Thank you for your honesty. I do see a therapist, and we have talked about it. My therapist is even a man who actually knows "how men are." Today, I notice that (and this has happened a few times before in the past year) I am physically sick over this. Sure, it might be the flu, but I don't think so. It feels like the nausea one has when they have a broken heart. Plus, it is nauseating for me, being a female and not understanding the "drive" men can have when they want sex, to think that a person can be this selfish and shallow. It purely is sickening to me. Getting back to making the break, get this, he acts like he will be hurt and will miss me. And, still, even knowing all this about men act, it can pull at my heart strings. I am really screwed up. When I have logical moments and he tells me this type of thing, I tell him to go to his wife and get the "attention" both physically and emotionally he is using me for. He says she does not respond. I have to stop having that be my problem. They need counselling, or live and die in a cold relationship which he has pretty much gotten used to until I came along to fill in those couple of missing pieces. How can I get rid of this nausea? I know it just takes "time," but sometimes I am scared that it is killing me, which it might be.
Expert:  JR, M.A. replied 8 years ago.
Hi Marylee,

Your nausea is likely the result of your anxiety about the situation. Folks who experience anxiety and tend to obsess are more likely to develop physical reactions like nausea. Frankly, this whole situation is wrong and it is eating you up from the inside out. I think you need to move on from this man, who is clearly a manipulative narcissist, bordering on psychopathy. He is living a double life and is getting the best of both worlds. You are enabling him to continue to destroy himself and his marriage. Your nausea may also have to do with your guilt about be involved with a married man, regardless of what he tells you about the marriage.
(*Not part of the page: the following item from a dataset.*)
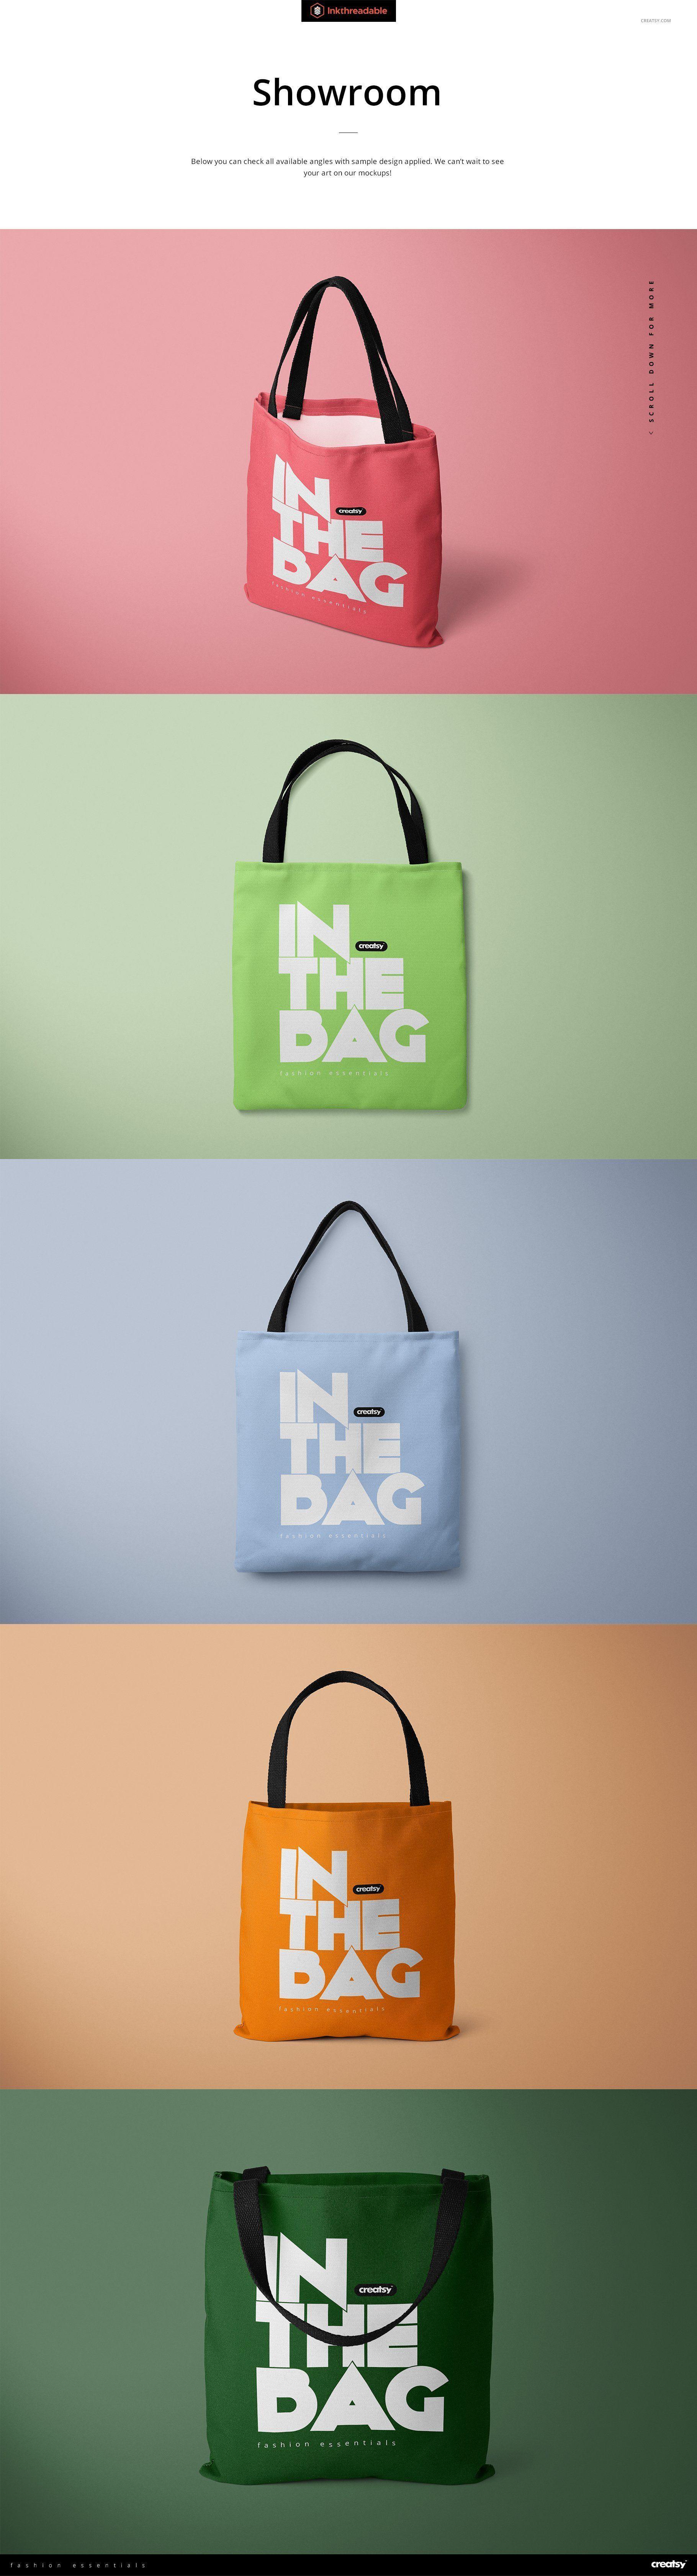 Download Polyester Tote Bag Mockup Set Ad Sponsored Files Psd File Specs Bag Fi Polyester Tote Bag Mockup Set Ad Sponsored In 2020 Bags Bag Mockup Tote Bag

He is playing you and taking advantage of you. Ask yourself why this is good enough treatment for you? It makes me sad to think that you would not think more highly of yourself than that. The nausea will go away when you resolve this conflict and move on from this relationship. I seriously doubt that anything else will help at this point, to be completely honest. I know this is probably hard to hear, but you really need to make a clean break from this destructive and unhealthy relationship. Find a man who is available and actually wants to spend time with you for you and not for what you can give him. Believe me...they do exist.